● Work to be completed
When you reach the line containing "Dentist checking the Dental implants", start transcribing exactly and continue through the last line of the data, skipping every picture.

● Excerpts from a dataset
Content starts

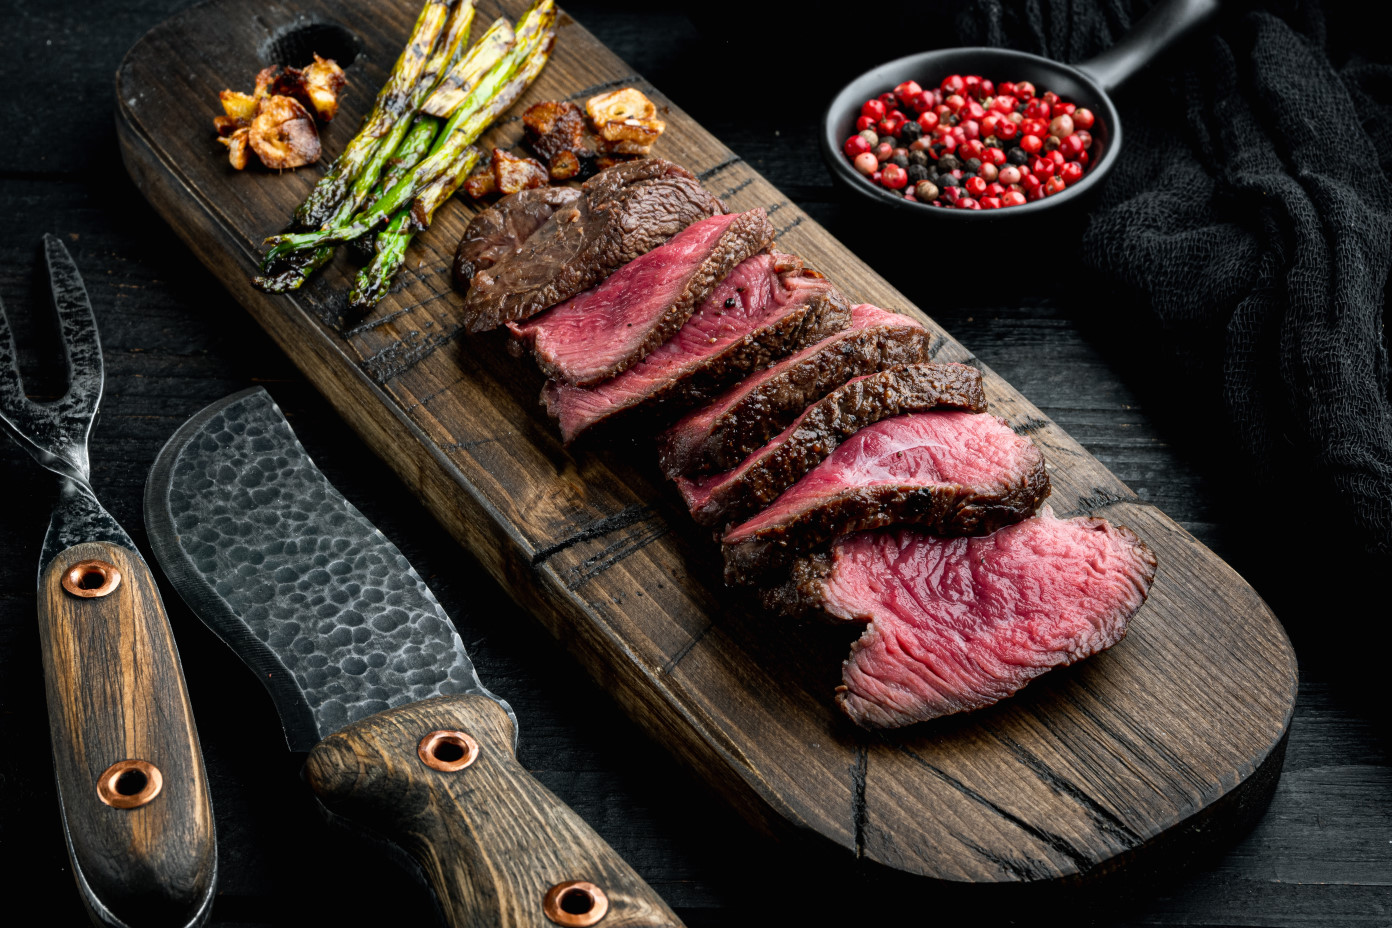 slices-medium-rare-grilled-marbled-meat-beef-steak-set-tenderloin-fillet-mignon-cut
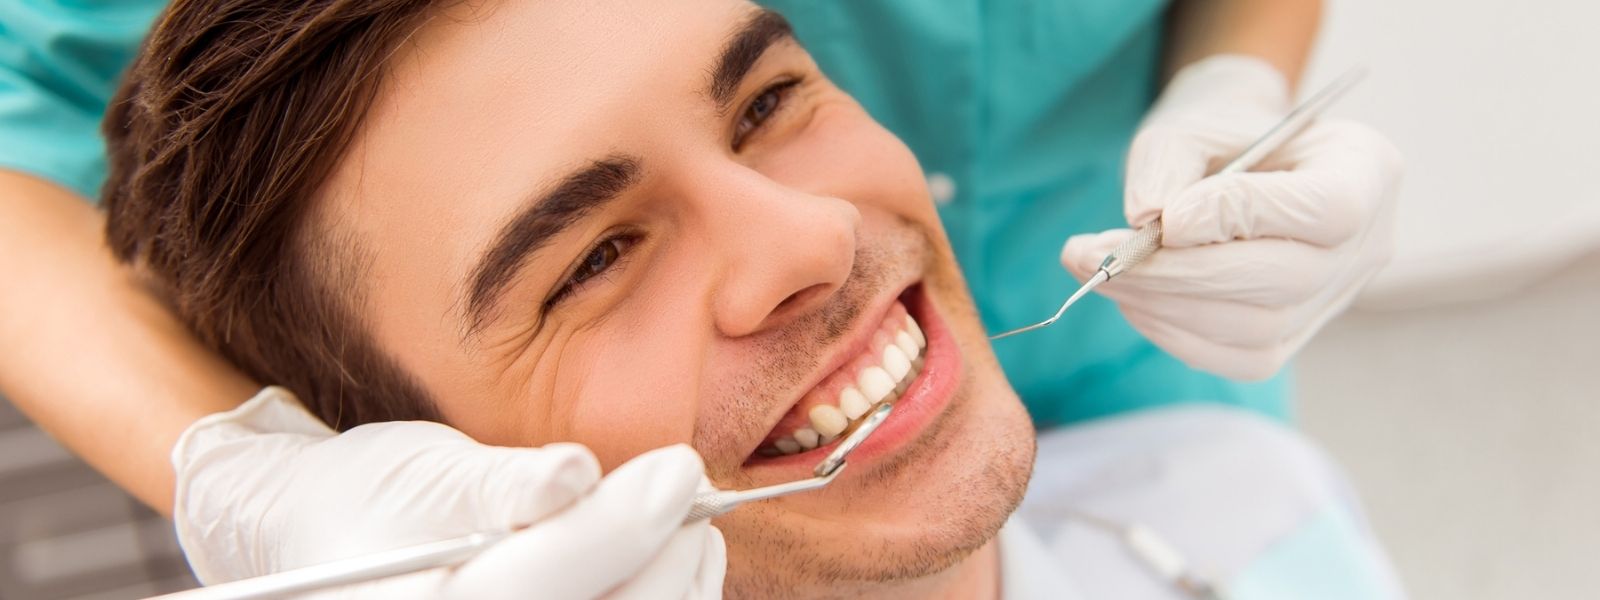 Dentist checking the Dental implants
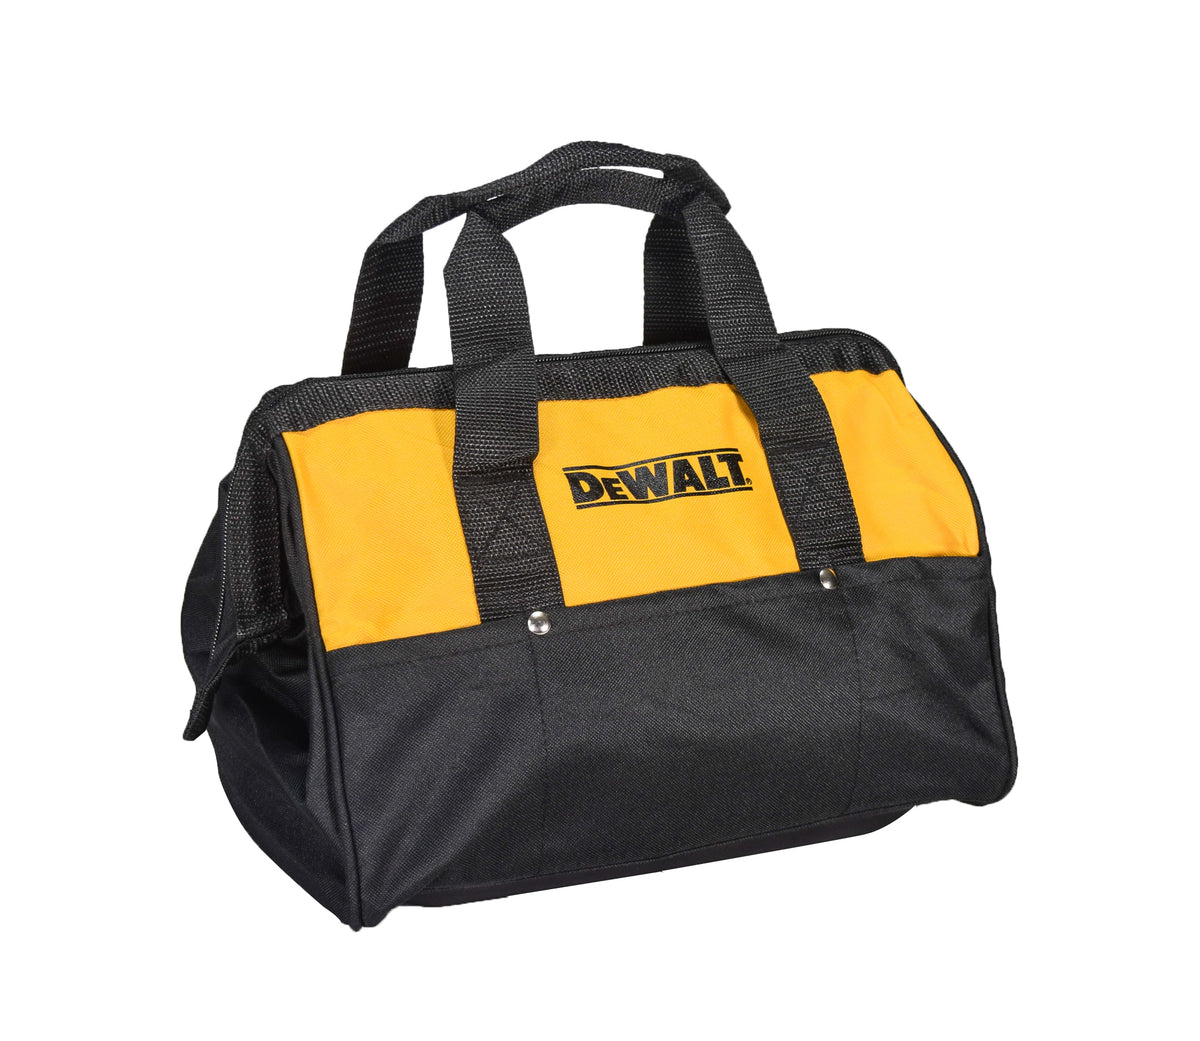 Dewalt Heavy Duty 12" x 9" Black/Yellow Power Tool Contractor Tool Bag
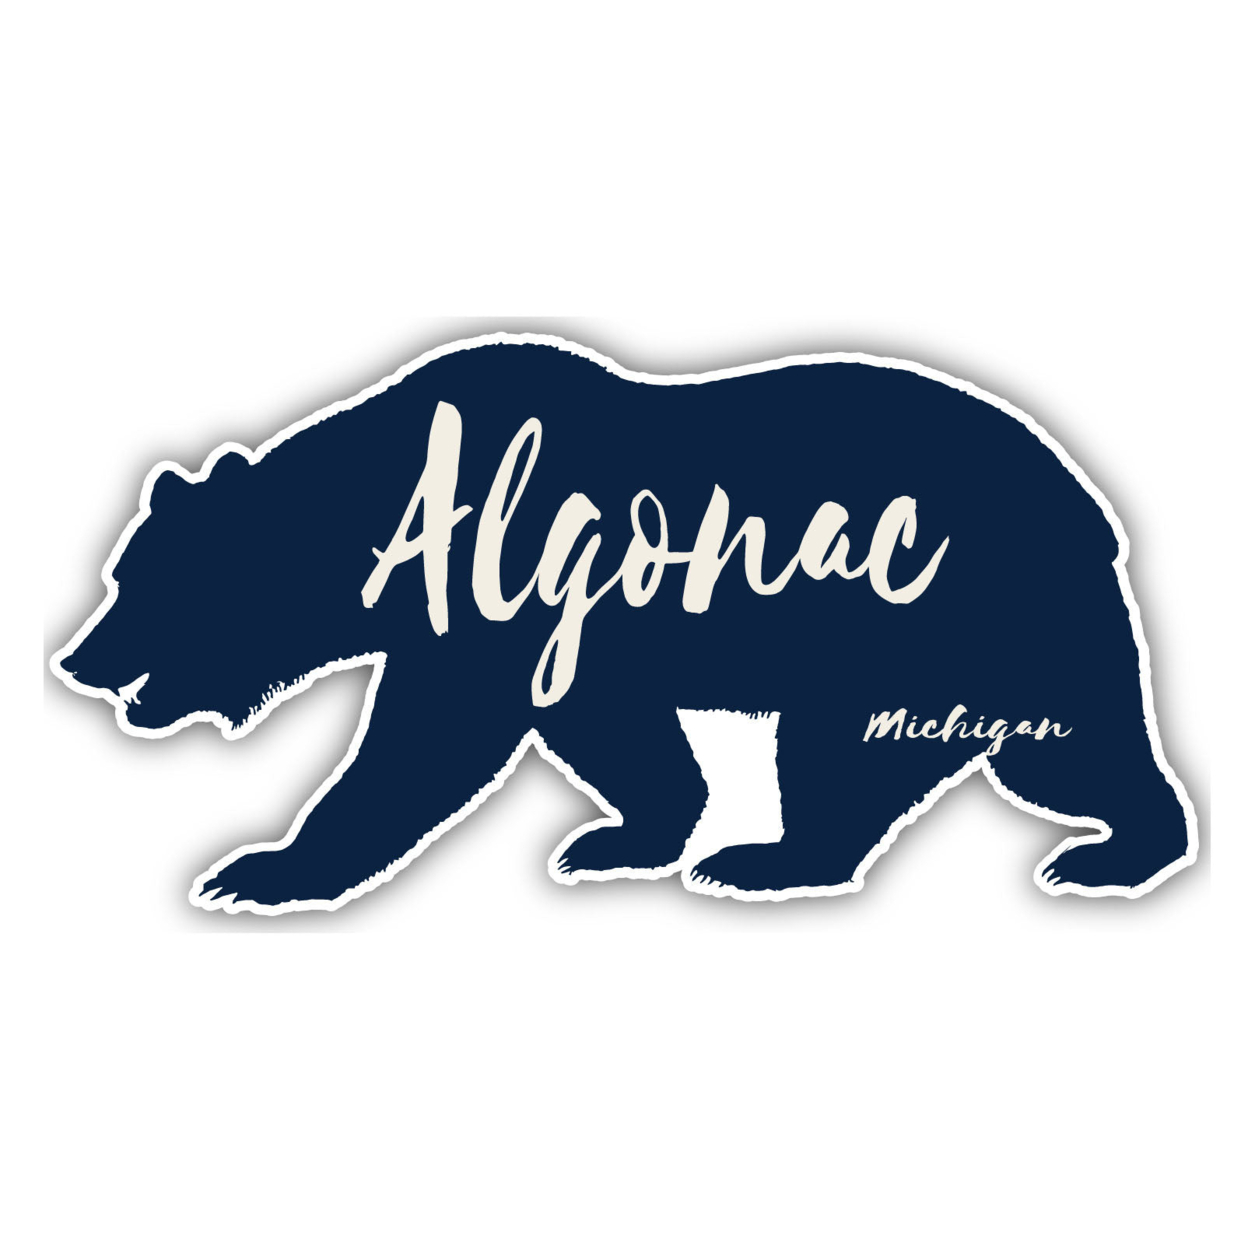 Algonac Michigan Souvenir Decorative Stickers (Choose Theme And Size) - Single Unit, 8-Inch, Bear
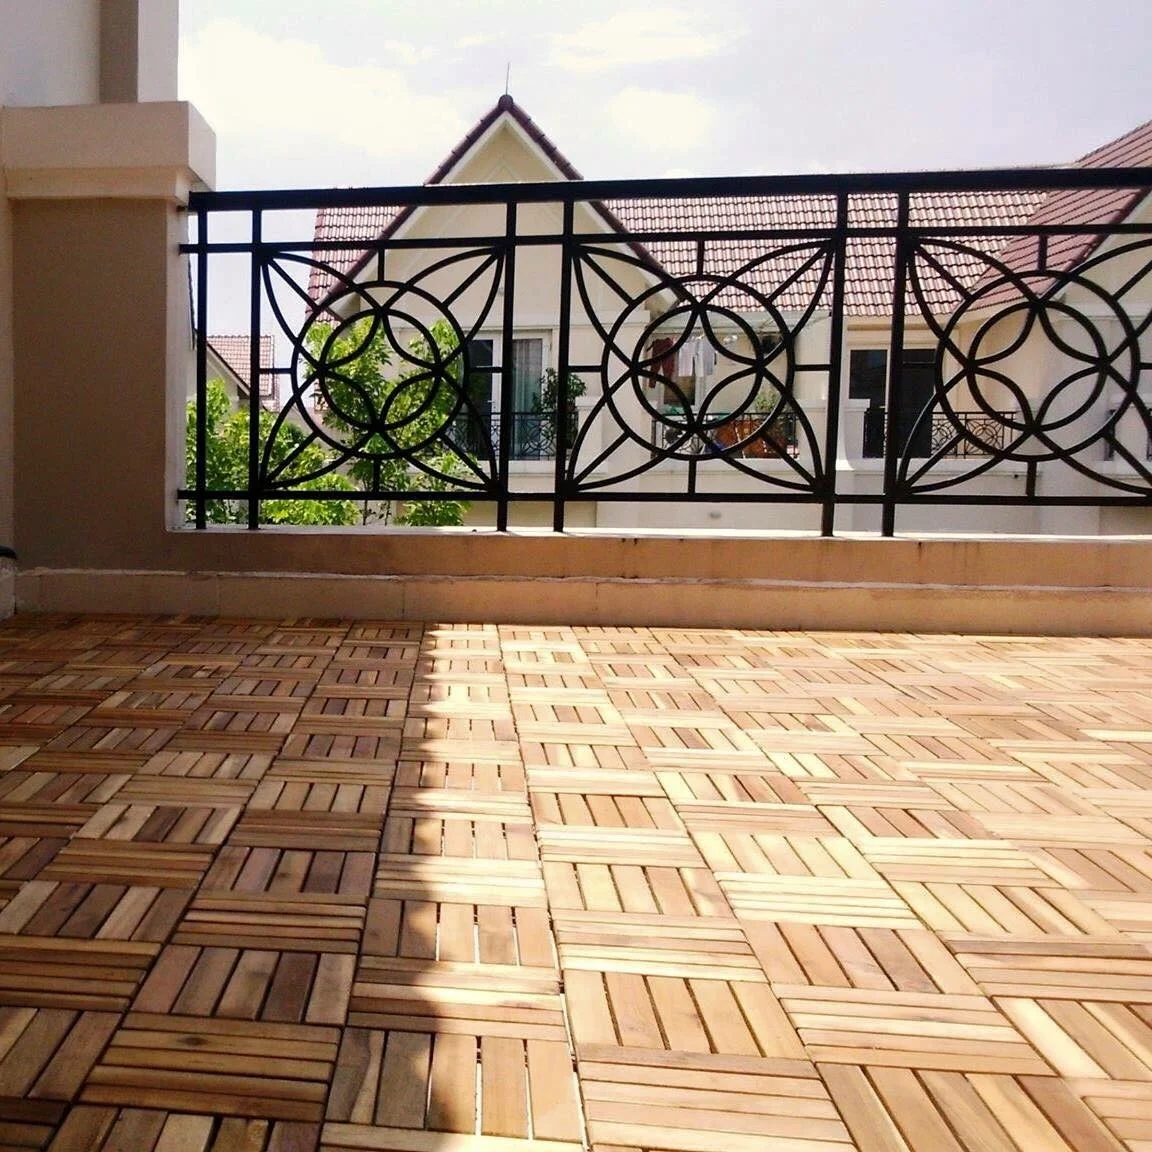 
Acacia Wood Interlocking Deck Tiles, Plastic wood composite interlock deck tile or Plastic Decking Flooring Tiles B5985 
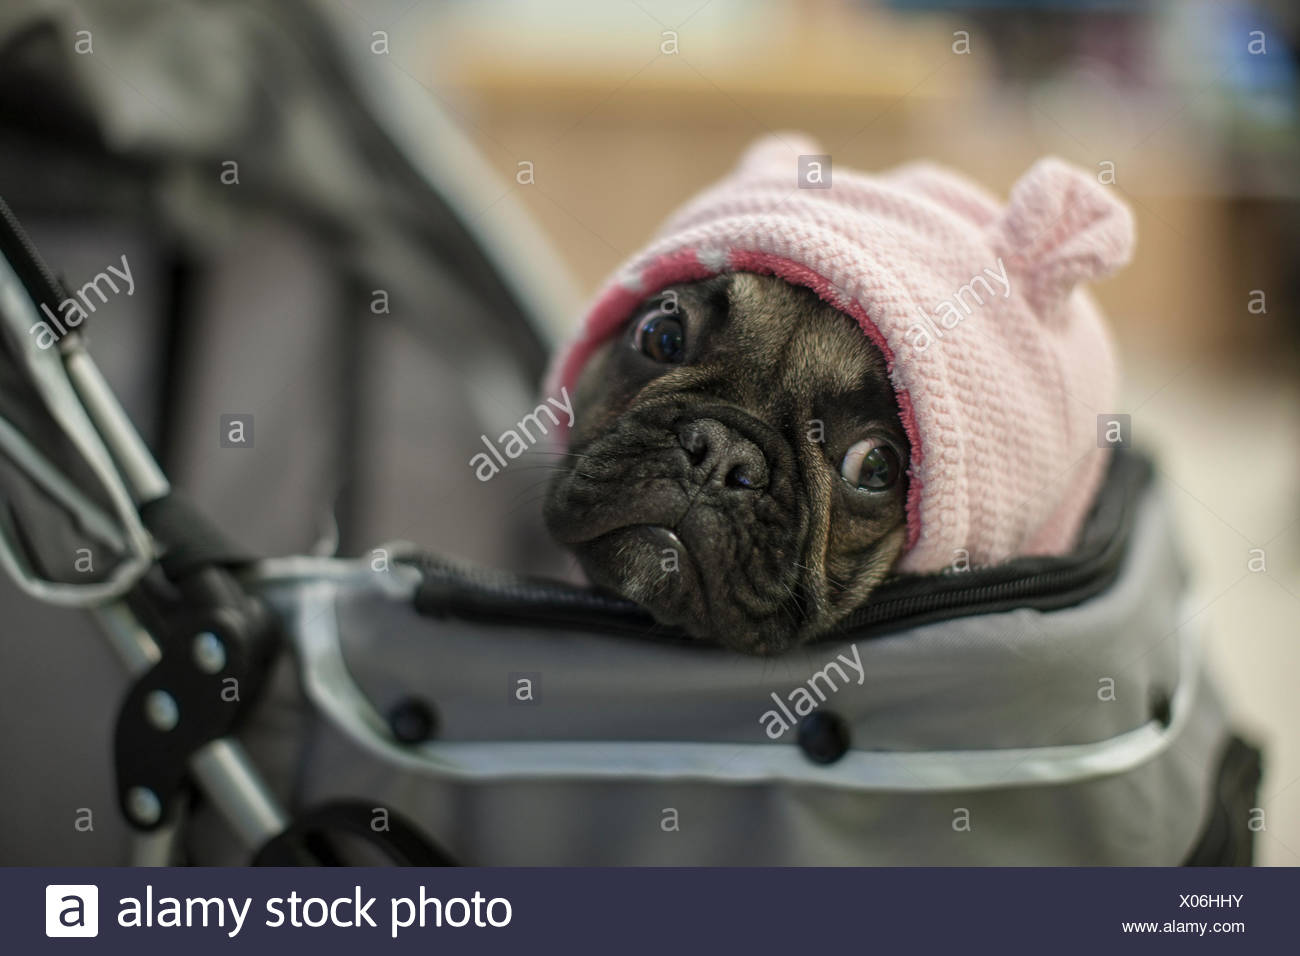 french bulldog in stroller

Content ends

● Response area
 Dentist checking the Dental implants
 Dewalt Heavy Duty 12" x 9" Black/Yellow Power Tool Contractor Tool Bag
 Algonac Michigan Souvenir Decorative Stickers (Choose Theme And Size) - Single Unit, 8-Inch, Bear
Acacia Wood Interlocking Deck Tiles, Plastic wood composite interlock deck tile or Plastic Decking Flooring Tiles B5985 
 french bulldog in stroller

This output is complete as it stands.